Using BLAST intelligently requires using the correct parameters for the task at hand and not placing too much faith in the reported Expect. See the section on BLAST protocols in Chapter 9 for practical suggestions on BLAST parameter choice. Remember, you get what you look for.

7.3.2 What It All Means

You now know how bit scores, sum scores, Expects, and P-values are calculated. You've also seen first-hand that scoring matrices and target frequencies aren't merely theoretical abstractions but realities that determine the outcome of a BLAST search. In some ways, choosing the right scoring scheme for a BLAST search is like choosing the right pair of eyeglasses. If your scoring scheme is too stringent, BLAST becomes nearsighted and will miss distant homologies. If your scheme is too lenient, BLAST becomes farsighted and fails to detect the obvious. Unfortunately, there's no optimal scoring scheme. As in real life, sometimes the best you can do is put on bifocals.

You've also seen that searching the same sequence and database with varied parameters can result in different alignments having very different Expects. Scores and E-values aren't implicit in a sequence or an alignment; they are solely contingent upon parameter values and the methods used to assess significance.

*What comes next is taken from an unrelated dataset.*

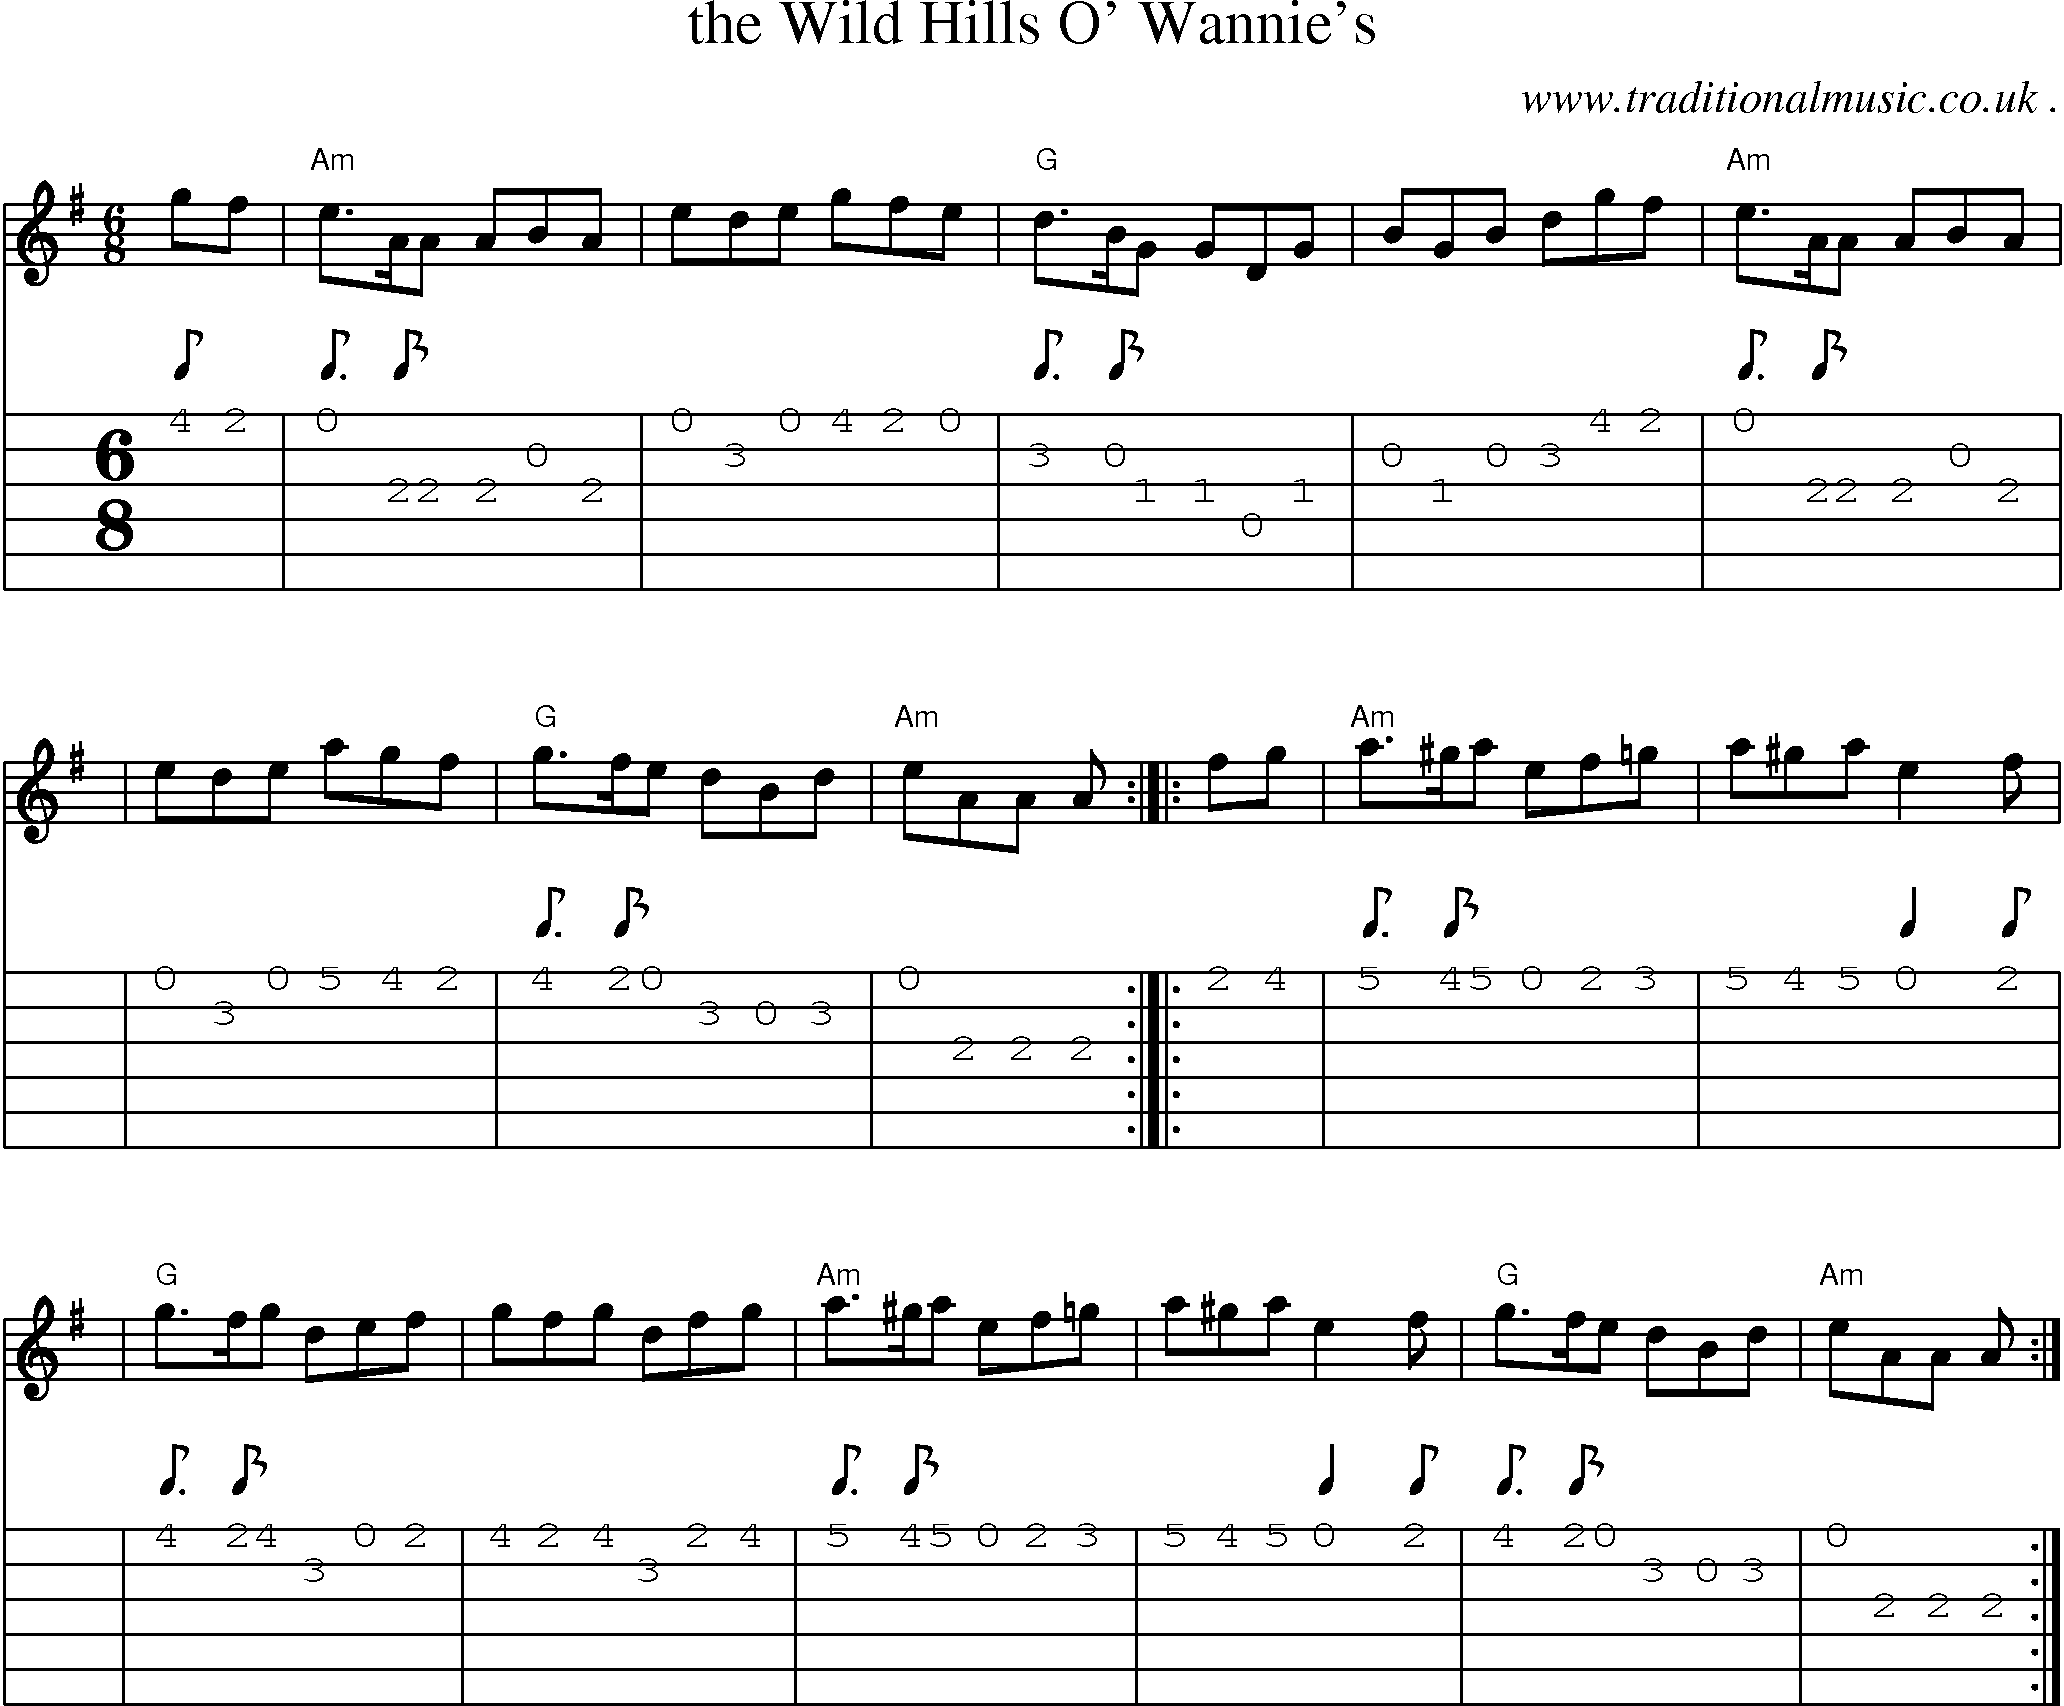 Sheet-music  score, Chords and Guitar Tabs for The Wild Hills O Wannies

There is nothing absolute about a BLAST significance value; it merely denotes the significance of an alignment in the context of a given search. Like everything else in bioinformatics, the biological implications of a (significant) alignment are inferred by the user and should be tested experimentally, if possible.

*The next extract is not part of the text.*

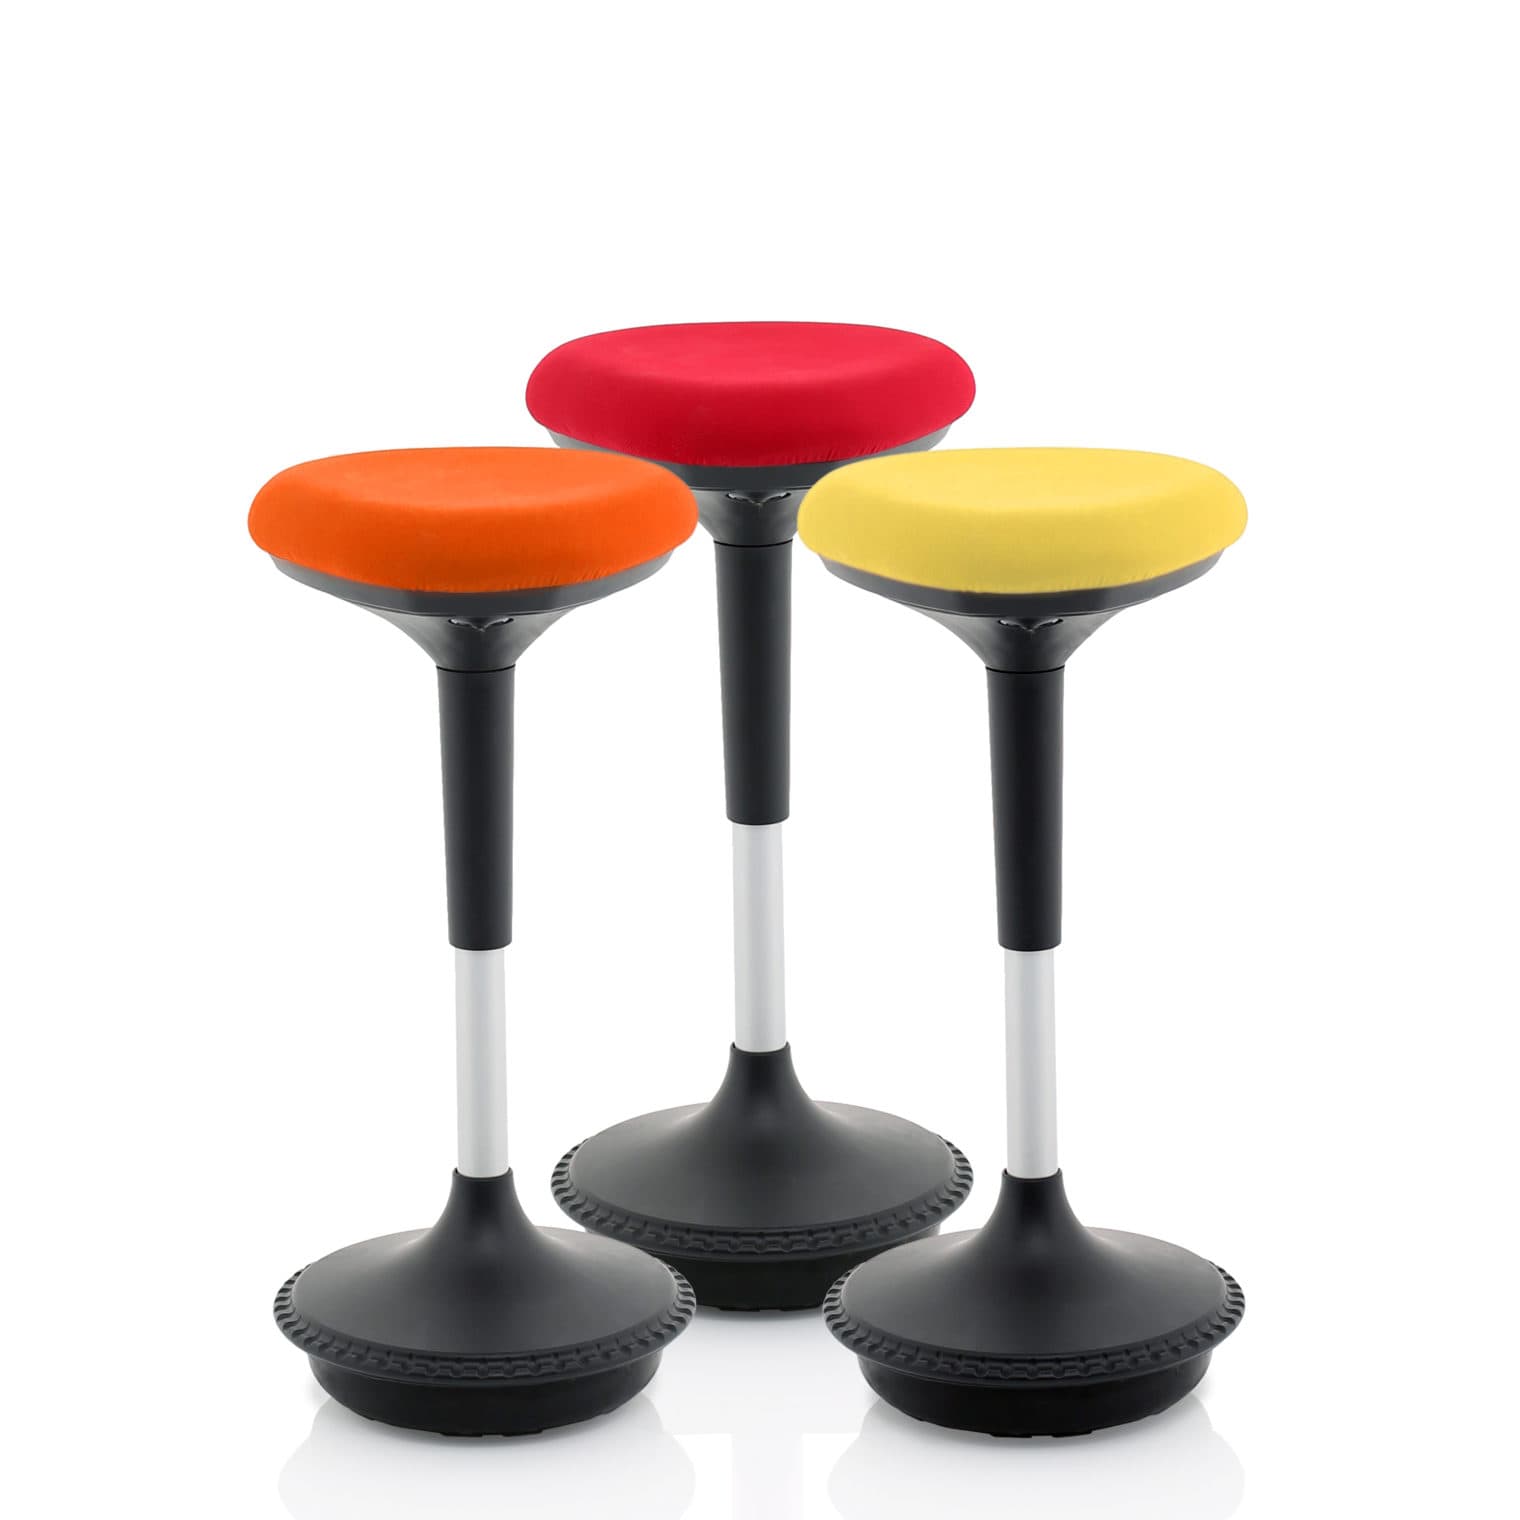 Sitall_Deluxe_Stools

Hopefully, you've also learned that there is more to Karlin-Altschul statistics than simply calculating an Expect for an alignment. Karlin-Altschul statistics provide a theoretical framework from which to interpret alignment scores in the context of parameter choice. They also give you the means to tune BLAST for specific purposes. Without them, you'd have no way of knowing what a given scoring scheme was looking for, and you'd cast around in the dark for the right set of parameters. Karlin-Altschul statistics remove the mystery from parameter choice. BLAST certainly has its limitations, but thanks to its statistical foundation, at least you know what you're looking for.